This invention is directed toward a method for recharging electrochemical battery systems. More precisely, a method suitable for use in systems characterized by high depth discharge maintenance free batteries.
Electric utility power grid applications utilize batteries to store energy during off-peak demand periods of operation for subsequent discharge during peak demand periods. Similarly, high power usage customers may use similar systems to advantageously store energy during off-peak periods for use later in order to take advantage of lower rates during the off-peak periods. Such systems are typified by deeply discharged, relatively large flooded cell batteries. Each battery may have plates upwards of three feet in height with a correspondingly tall battery case and may occupy a large footprint. These batteries are often times custom designed and hand built which results in substantial cost penalties associated therewith.

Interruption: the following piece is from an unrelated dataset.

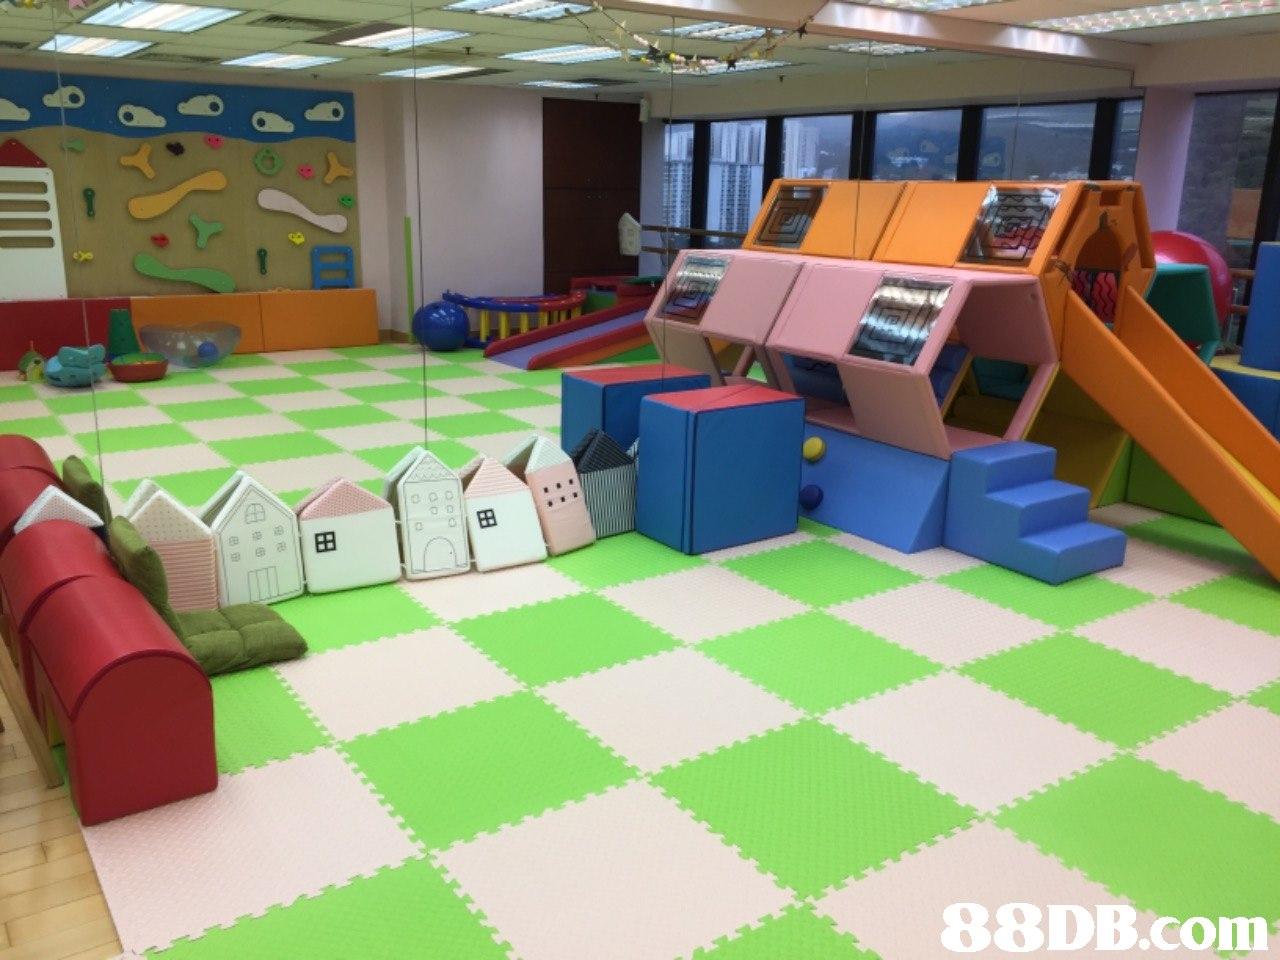 Play,Kindergarten,Room,Child,Playground
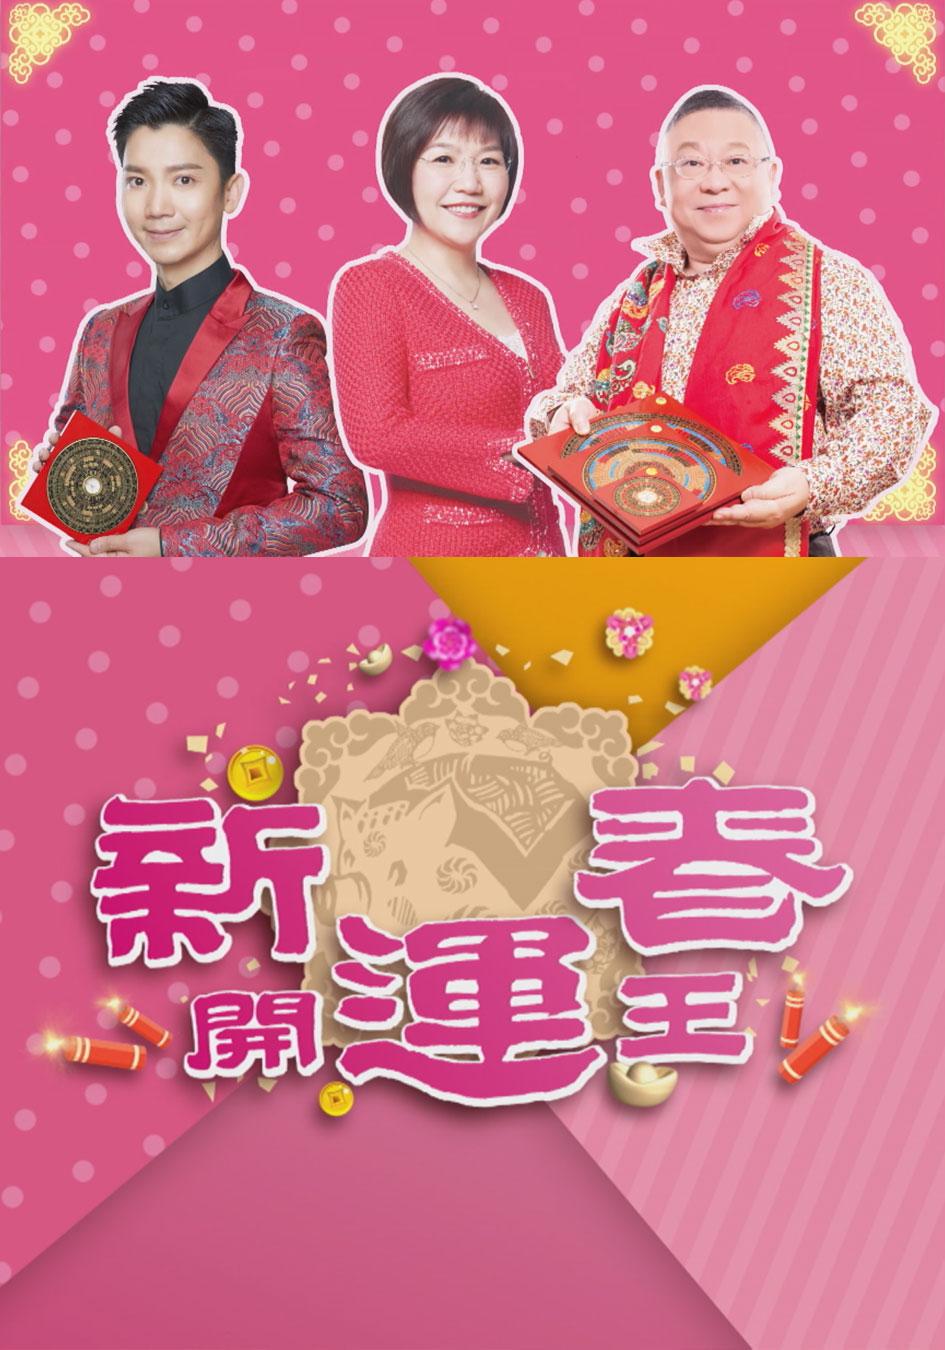 新春開運王-2019 Fortune Show

It is well recognized that, especially with deep discharges, the electrolyte in flooded cell batteries undergoes considerable stratification upon recharge. Left unaddressed, electrolyte stratification will result in plate damage due to the higher acid concentration of electrolyte reacting corrosively at the bottoms thereof. Additionally, there will exist a charge gradient from top to bottom of the plates which may cause early termination of a recharge. The battery thereby never reaches its full capacity and suffers from gradual capacity losses throughout its life. These problems may be more pronounced with larger batteries as described.
One manner of dealing with electrolyte stratification which has been practiced is to introduce mechanical agitation to the electrolyte. Bubblers have been installed in battery cells but adds greatly to cost, complexity and maintenance required. Another alternative is to recharge the battery so that gassing occurs and destratifies the electrolyte. Of course, this is not wholly desirable because it requires certain additional burdens. Water losses associated with gassing results in a battery system that requires an expensive and often unreliable watering system or a maintenance free battery system with a greatly reduced cycle life due to irreplaceable water losses.
A further drawback to flooded cells is that the gas recombination is not as efficient as in starved electrolyte batteries due to lack of an efficient transport medium such as a glass mat between the plates. Therefore, cycle life of these flooded cells are very sensitive to excess gas evolution since more of the gas evolved will be dissipated out of the system resulting in water losses which are not replaceable. For these reasons, conventional recharge methods rely to a great extent upon absolute minimal gas evolution through precise voltage control especially toward the end of recharge where the effects of too high a voltage upon gas evolution are most pronounced. Of course, too conservative a voltage controlled recharge undesirably results in excessive charge time.
Therefore, in terms of a wholly maintenance free battery system, the cycle life limiting factors and eventual causes of battery failure are water loss through gassing or stratification and associated plate damage.